Acoustic days in the sign of the corona

Mamma Mia! Imagine that the corona suddenly forces us to pull the plug and stay home with our children! Who knows . . . What may feel like a punishment to some may actually be a gift?

Let's seize the opportunity and practice just being.

Not that we all have to go back to a new stone age. The microprocessor is like invented. Where malicious viruses take days and weeks, images and language—narratives, and therefore realities—can be cross-pollinated and spread across the planet in a split second.

None of us strictly need all kinds of other stimuli when the only thing that counts is the time with our near and dear ones: brilliant to spend a number of weekdays scribbling around the neighborhood and practicing seeing things with the young children's open and naive eyes.

Few things can hit you straight in the heart and put your habits and choices into perspective, like obvious, unspoken questions from small children. It's not at all easy to explain why dad is always so damn busy and can't just sit down and be. (The economy!—yes, yes—but none of us need basically half of the things we spend a large portion of our waking hours at work to finance).

There's a reason style and status are almost impossible to explain to a two-year-old.
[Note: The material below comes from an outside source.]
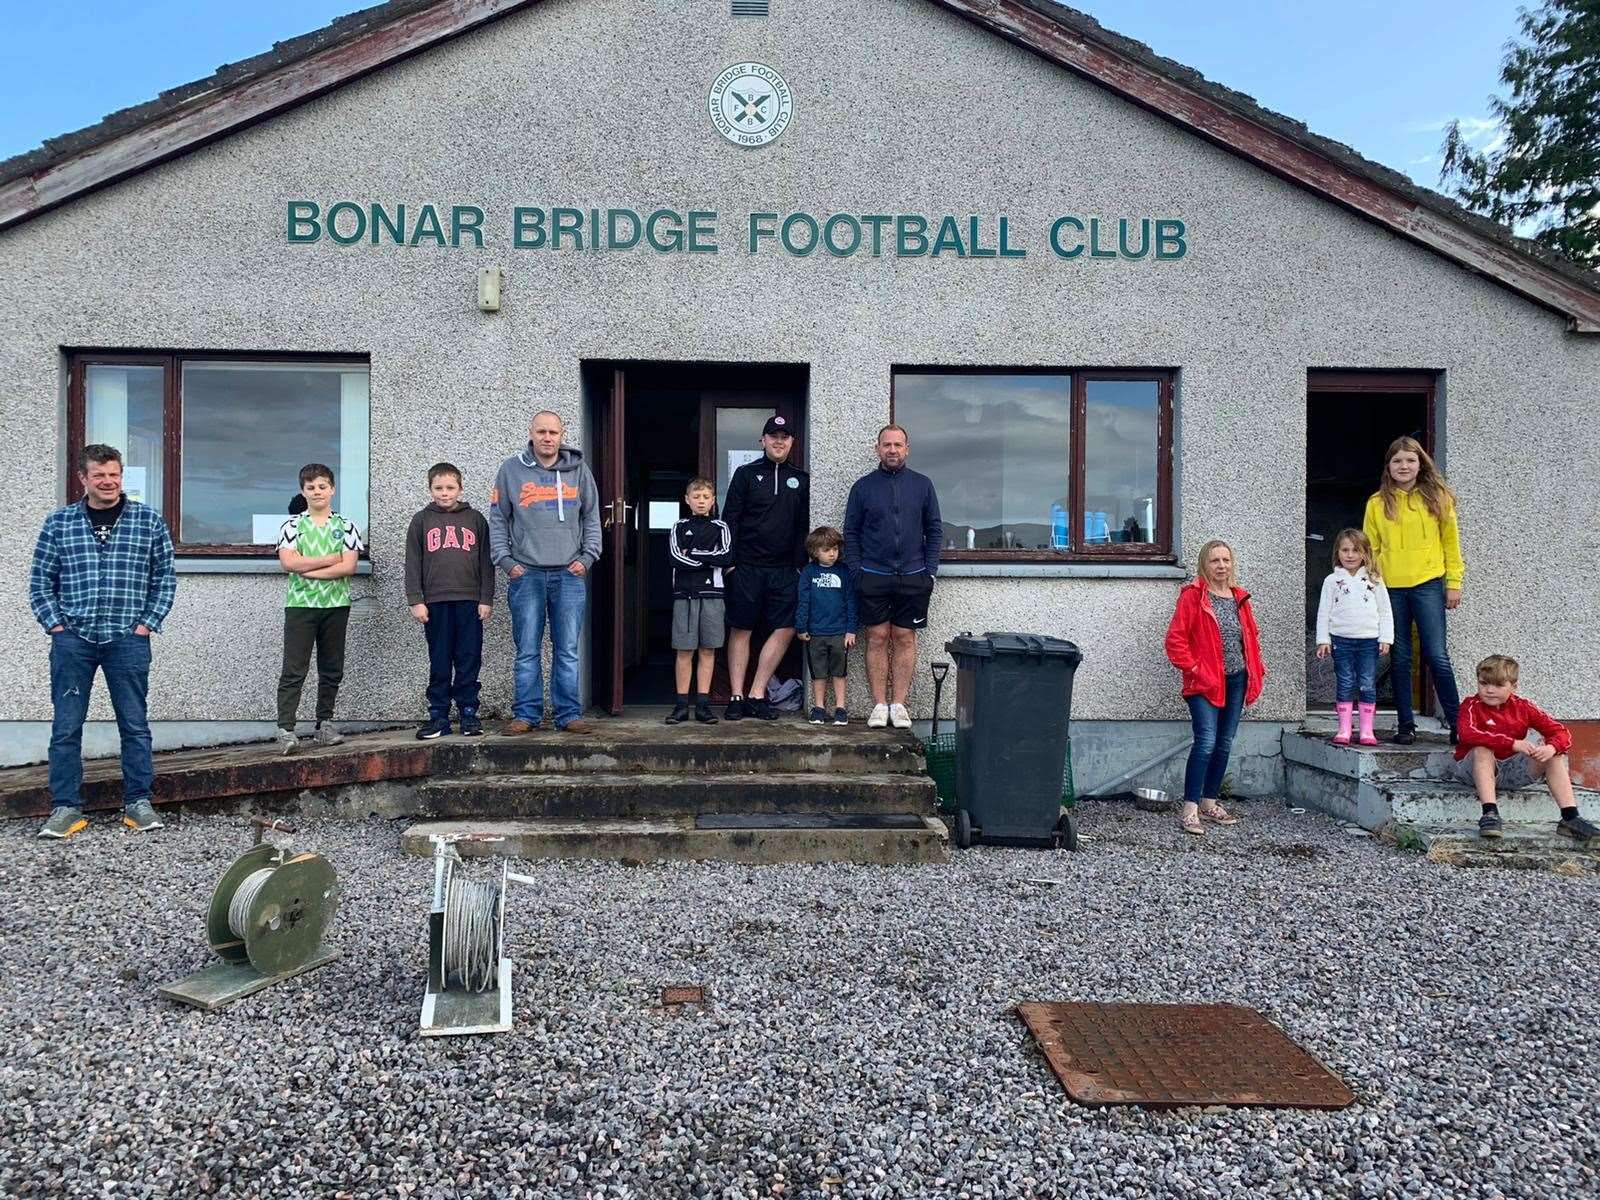 Bonar Bridge Football Club juniors and committee members outside the clubhouse pre-lockdown.

Strictly speaking, there is nothing in the way of borrowing, or buying something old and used. A car is a means of transport—not a lifestyle marker—and it really is much cooler to walk or cycle, feel your cheeks burn and sense the world immediately and without a filter. The swing under the chestnut tree always trumps the battery toy, which—as one of our friends so aptly says—is built to play with itself.

Of course we have to go out under the open sky and feel nature on our own bodies.
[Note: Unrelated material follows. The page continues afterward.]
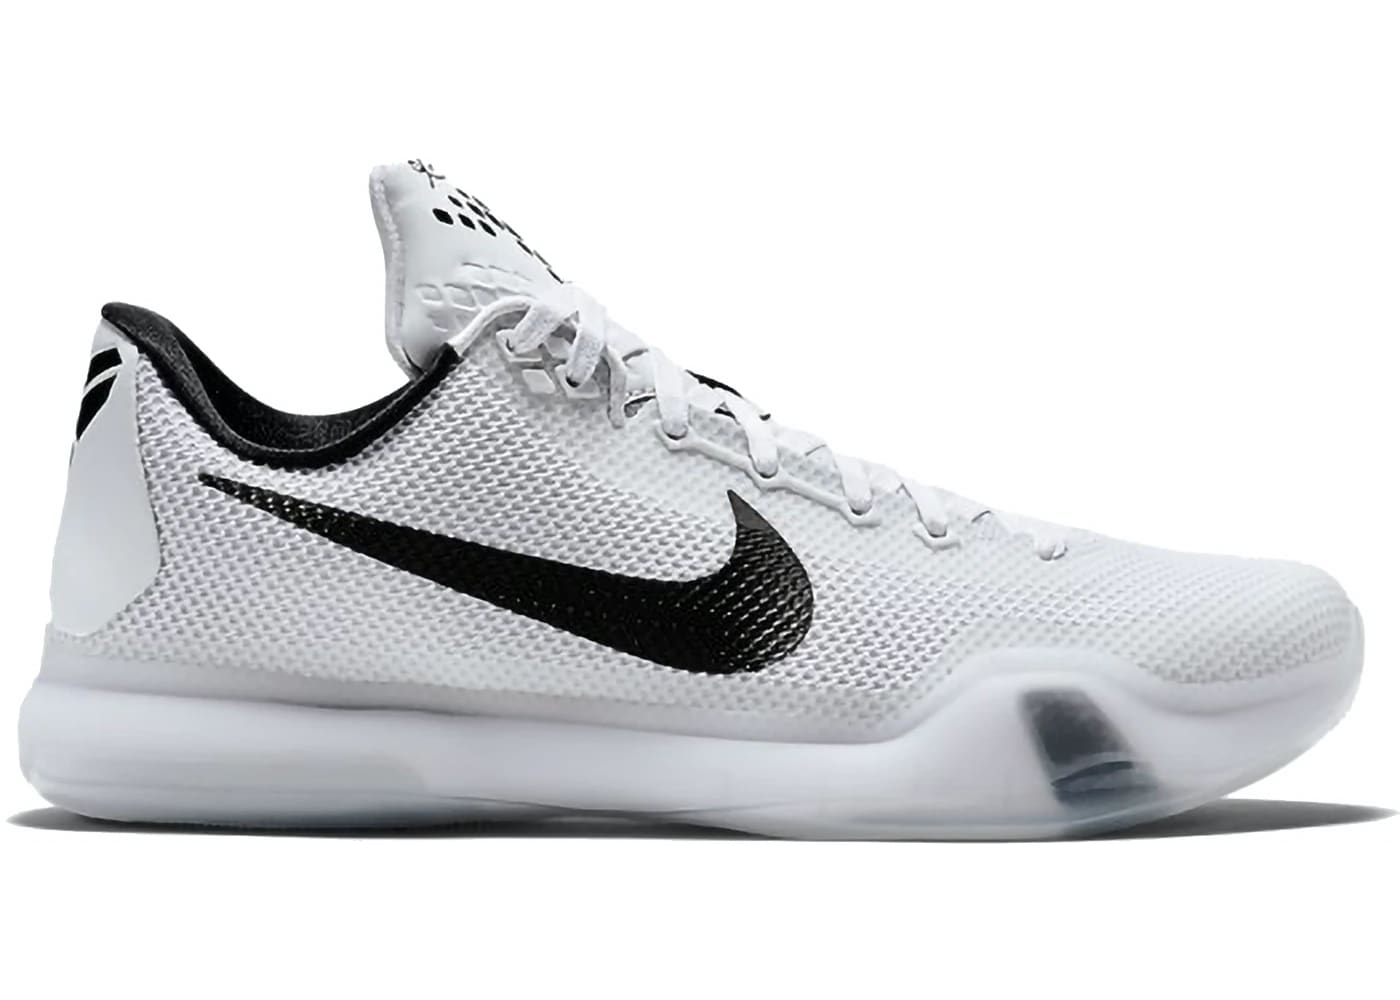 Nike Kobe 10 TB White Black

Of course, we must help ourselves to stop and stare in wonder, dig in the sand, splash in the puddles, pick up the stones, taste the plants, and name what we meet and experience along the way.

Of course, we should be able to leave the watch and mobile at home and stop allowing ourselves to be distracted from what really matters.

It is basically absurd that we most often move around in our physical reality with our senses and attention locked in a small glass block that can miraculously cancel both time and space. As if it were a punishment to be present where we actually are. The fact that it is close to impossible to keep your fingers off your mobile phone is not just a daily annoyance, but fucking scary. Highly gifted homo sapiens have really designed that crap to hit us where we are most vulnerable.

Not that we all have to go back to a new stone age. The microprocessor is like invented. Where malicious viruses take days and weeks, images and language—narratives, and therefore realities—can be cross-pollinated and spread across the planet in a split second.

But streamlining rhymes with stress and sick modernity, while both the world and our ancient genes scream for space and presence. If we use the corona as a necessary pause for thought and stop for a moment and see it all in a bigger perspective, we could perhaps (Thatcher notwithstanding) come up with an alternative to the hamster wheel and the drugged financial economy.

If you ask me, the goal must be a life and a culture where we are not everywhere else, but are present where we are. An existence that largely mimics the humble life our ancestors lived over thousands of years; hands-on.

Real wealth is having the ability and foresight to say no. We can learn from the people of nature, and get back in sync with the life that flows through us and the nature we are surrounded by. It does something good for a person to know his place in the world and to feel the raw forces of nature and the change of seasons on his own body.

It is of course no simple exercise to recreate something resembling a natural habitat for all seven billion sapiens on the planet. Stone Age diet, winter bathing and barefoot running do not do it alone, and are mostly symbolic actions—albeit with the potential to inspire others and be the last straw that starts the avalanche.

In that context, let's just take the corona as an obvious opportunity to change our habits and get the focus shifted from numbers and abstract mathematical models to our real, shared, physical world.

There is no need to pad ourselves with jet bridges and temperate air, so we have to check the phone to know what the weather is really like. No need to let us pace ourselves to the next gate with gadgets and rolling sidewalks, when what makes it all worth it is the adventure and unpredictability along the way.

Let's just treat ourselves to an acoustic day or three—have a corona break—and take the time to immerse ourselves a little in life in the meantime. In the end, there is no advantage in being the first to finish that life anyway.